Spiders are not only a nuisance, but also a health hazard, as well. Brown recluse bites can cause death, amputation and disfigurement. Black widows have been known to make victims ill, (though no one has died from a black widow bite in the US in the last ten years.) In short, they may keep other insects like flies and moths at bay, but they can be risky to have around. Spiders, by nature, are a bit harder to be rid of, as they like to live in out-of-the-way, hard-to-access places. They take a bit more precaution, too, on your part. Remember to always wear long sleeves, pants and gloves when searching and destroying spider habitats.
Spiders like the dark spaces under beds, couches and chairs. They love any little crack in brick or paneled walls. They also love to hide in the cracks between the woodwork and the doors and windows of our homes. If a broom can’t reach them, try the vacuum hose with the crevice tool attachment. Spiders like to hide in clutter and clothing that’s been lying about, as well, so it’s best to keep things picked up.

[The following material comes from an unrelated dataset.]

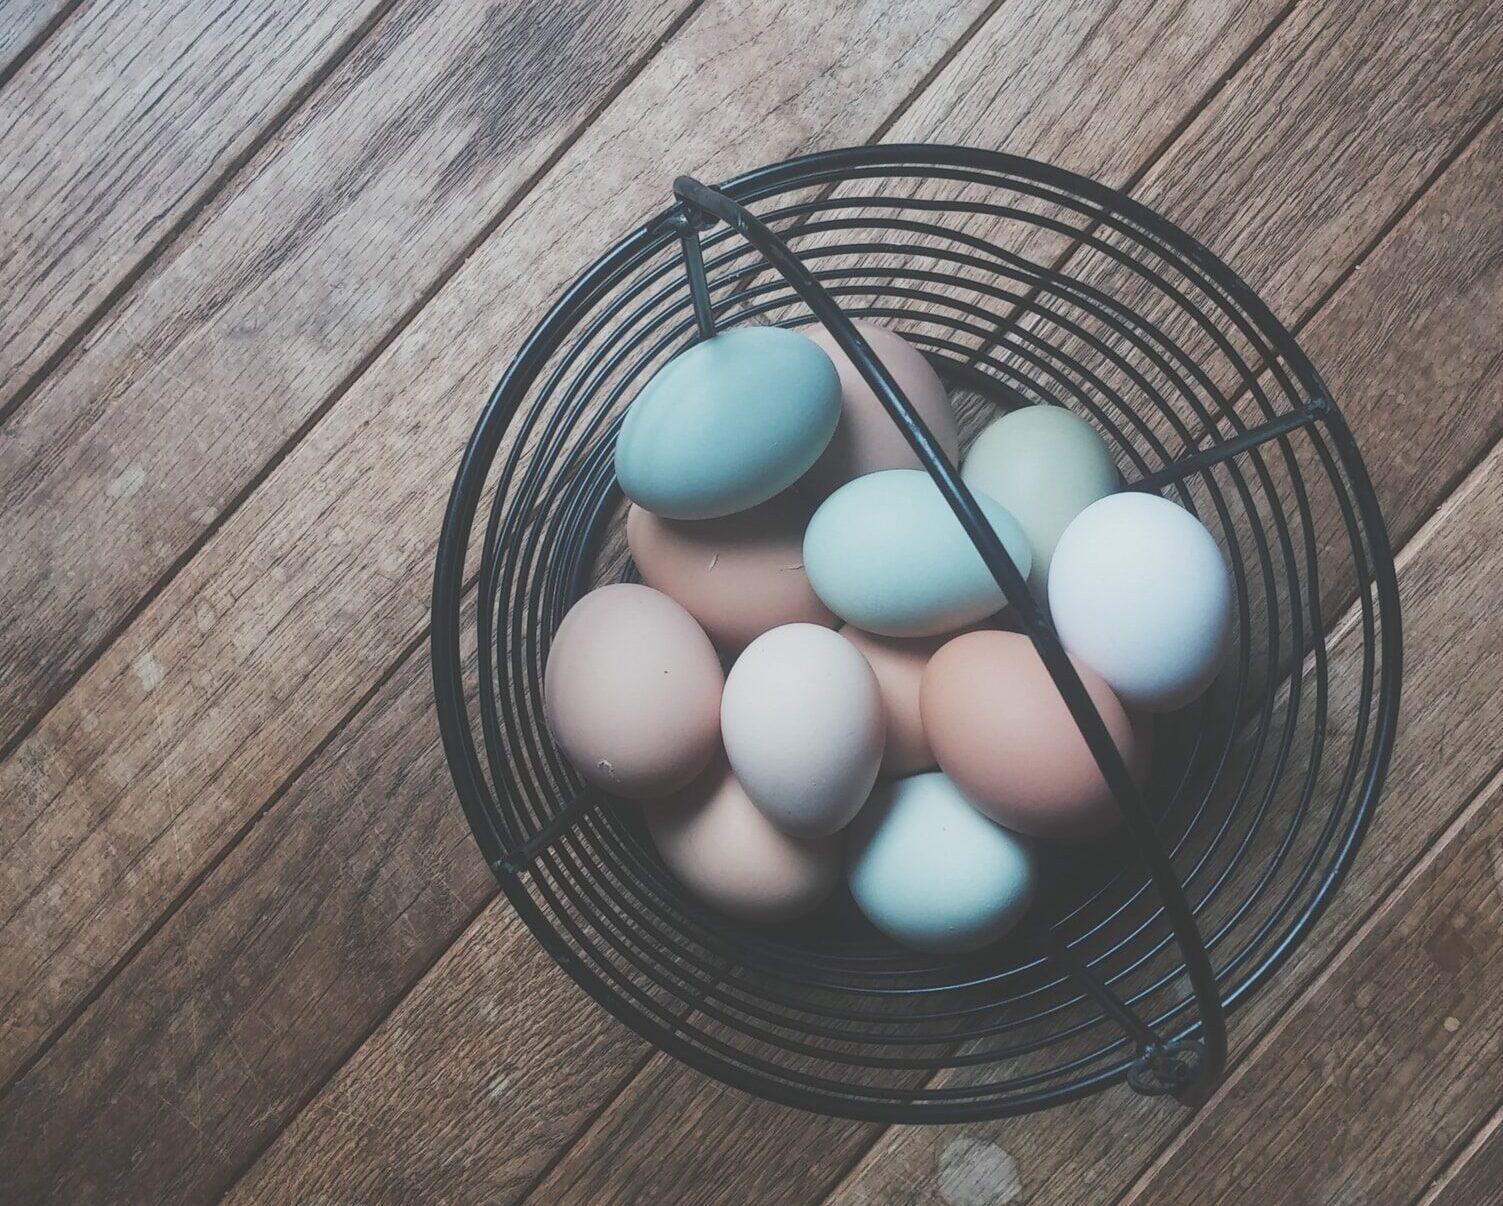 πασχαλινα αυγά για διακόσμηση σπιτιού
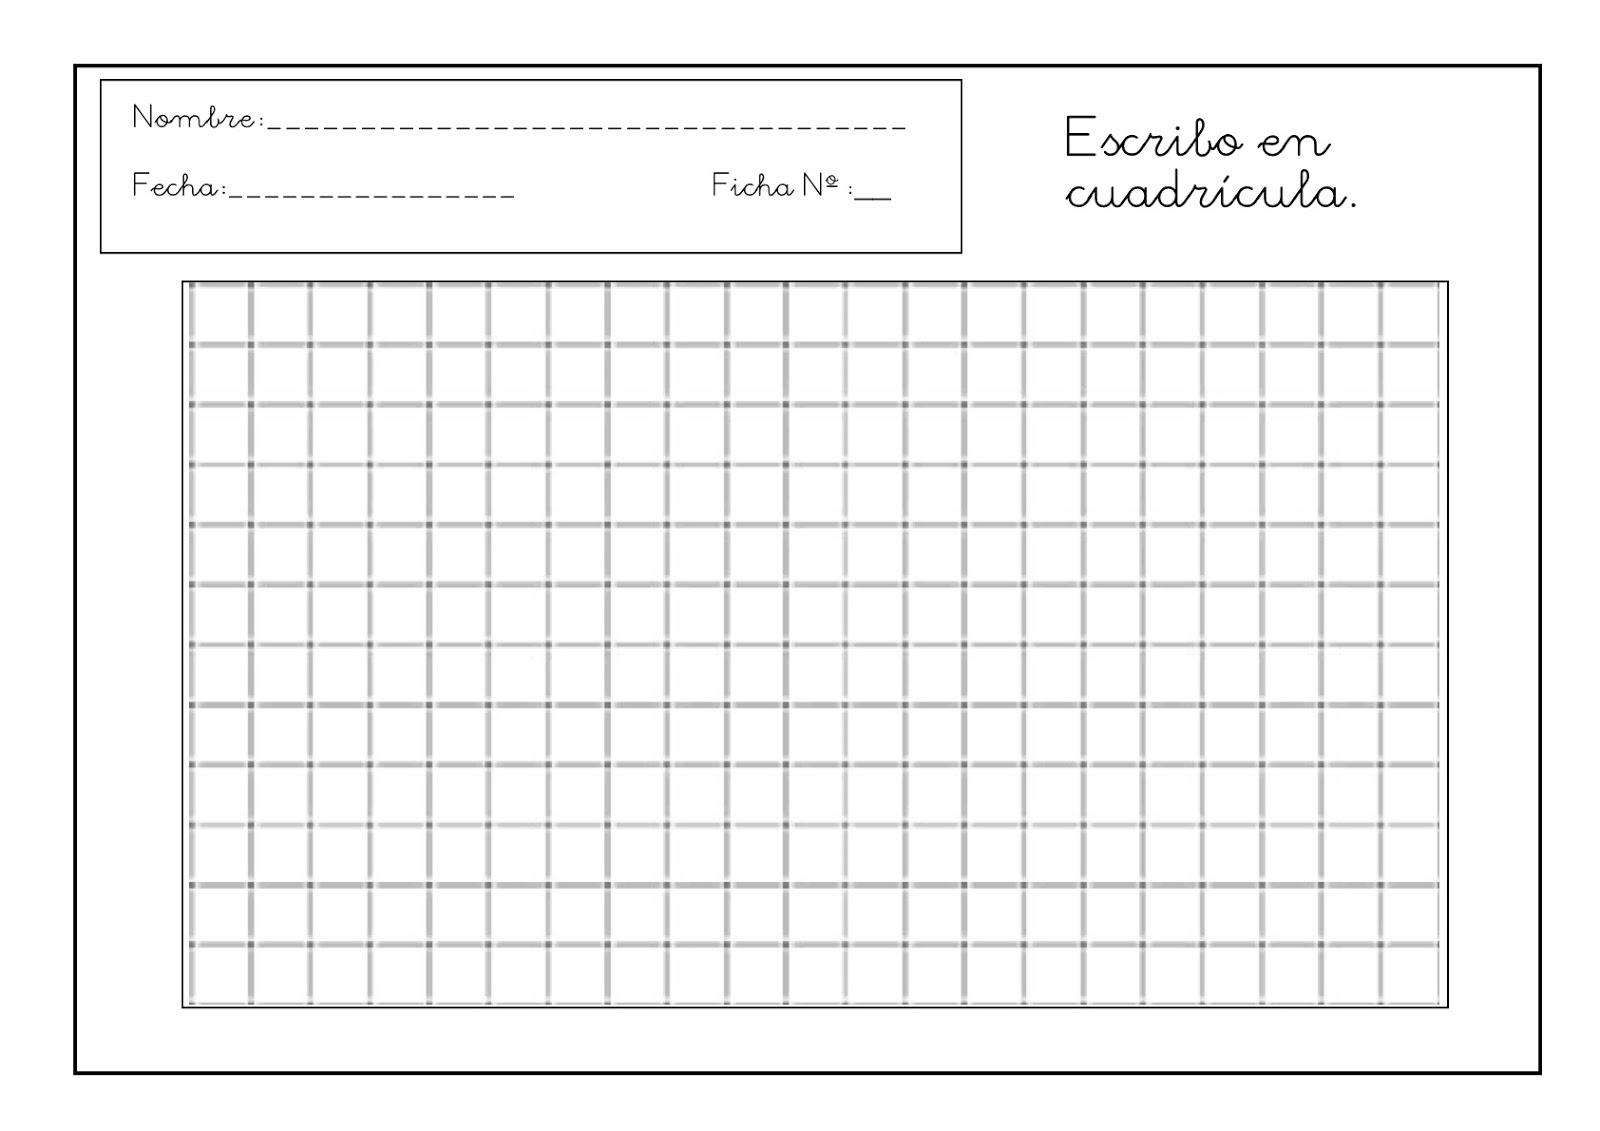 RECURSOS DE EDUCACIÓN INFANTIL: PLANTILLAS PARA ESCRIBIR

Spray spiders directly with one of the following essential oils: rose, citronella, lavender, peppermint, cinnamon, tea tree or citrus. Mix 5 tablespoons of any of the above oils with 5 tablespoons natural lavender soap in a quart of water to create a spider repellent spray. This can be used to spray the foundation of your home, around windows and doors, even inside the outside trash bins to keep the pesky eight legged critters out of your space.
Natural pest control needn’t be smelly, dangerous chemicals and high exterminating bills. You can keep your home free of pests and free of environmental dangers, too.